> The problem
Look through the records below for the line holding "chocolate butter spread on a baguette, sweet". Write it out exactly, with each following line through the line holding "Samuel Beckett: What".

> Dataset extract
- - - -

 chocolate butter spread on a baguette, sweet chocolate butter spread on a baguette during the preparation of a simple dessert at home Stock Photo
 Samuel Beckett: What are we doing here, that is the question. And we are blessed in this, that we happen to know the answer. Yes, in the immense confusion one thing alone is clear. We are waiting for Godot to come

- - - -

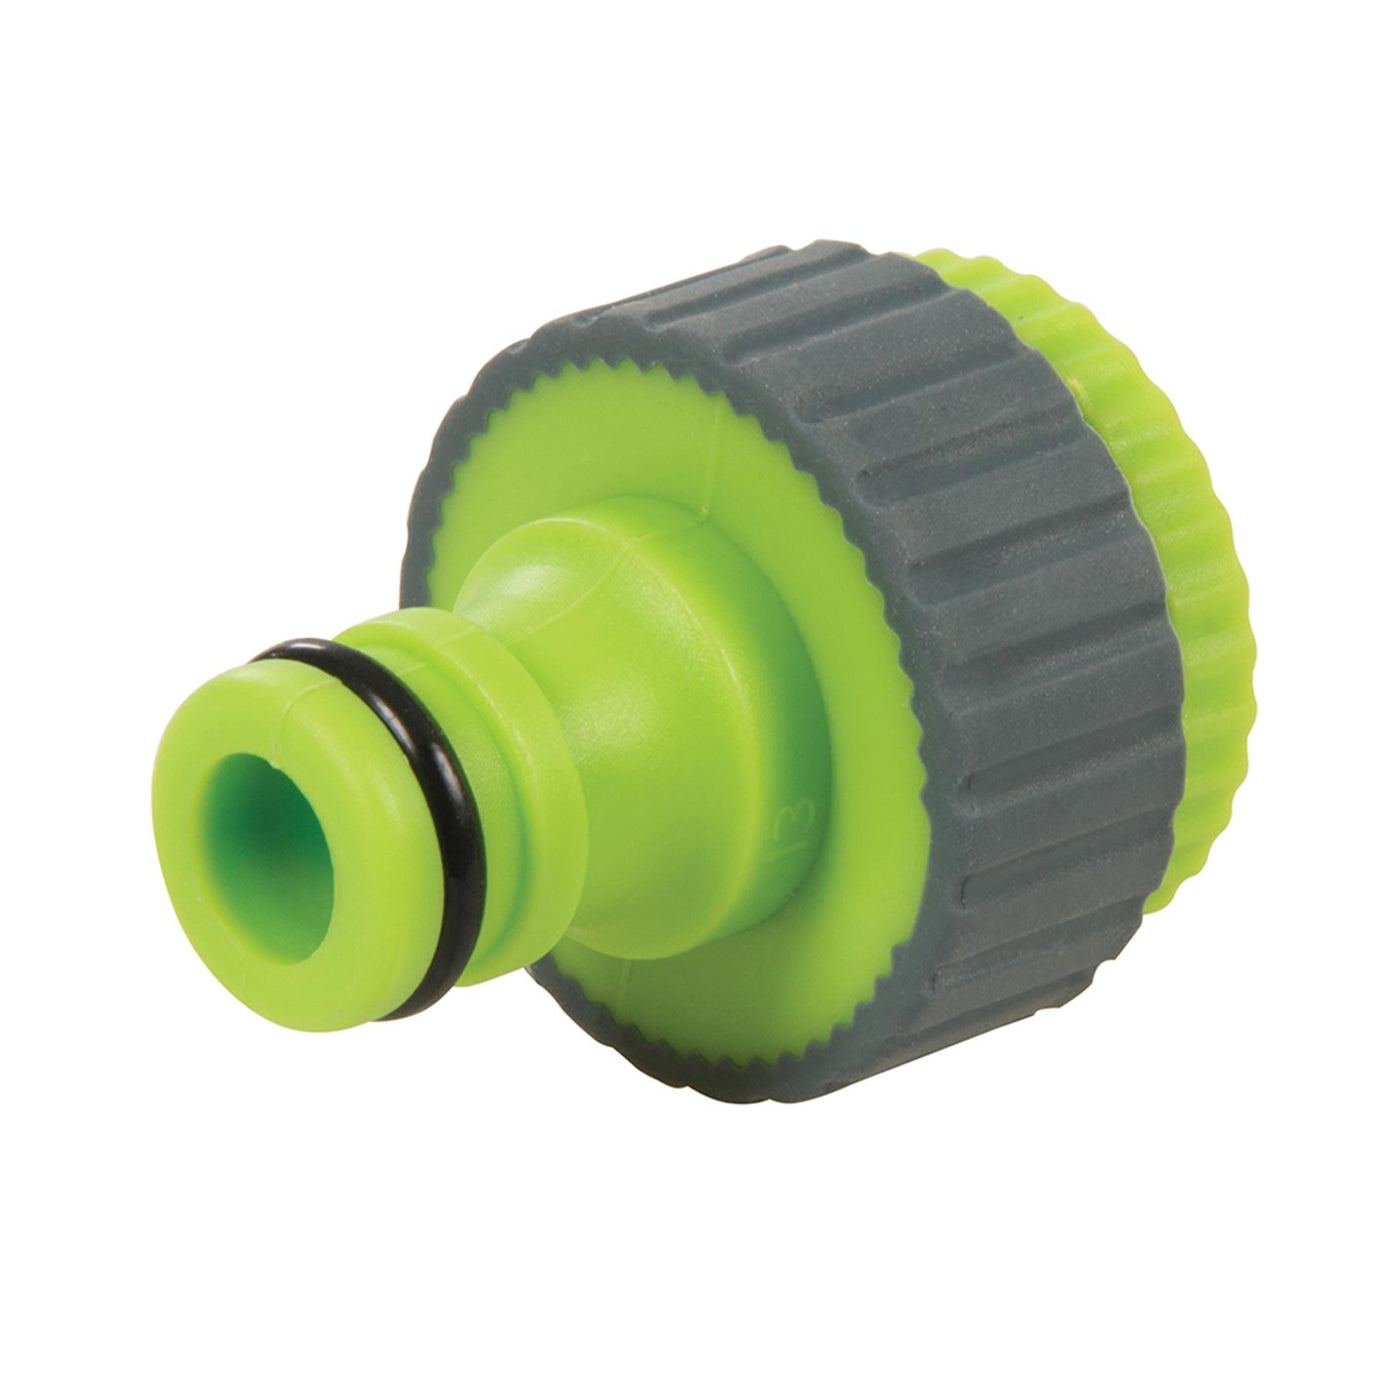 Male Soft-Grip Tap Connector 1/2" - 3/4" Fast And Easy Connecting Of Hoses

- - - -

> Task result
 chocolate butter spread on a baguette, sweet chocolate butter spread on a baguette during the preparation of a simple dessert at home Stock Photo
 Samuel Beckett: What are we doing here, that is the question. And we are blessed in this, that we happen to know the answer. Yes, in the immense confusion one thing alone is clear. We are waiting for Godot to come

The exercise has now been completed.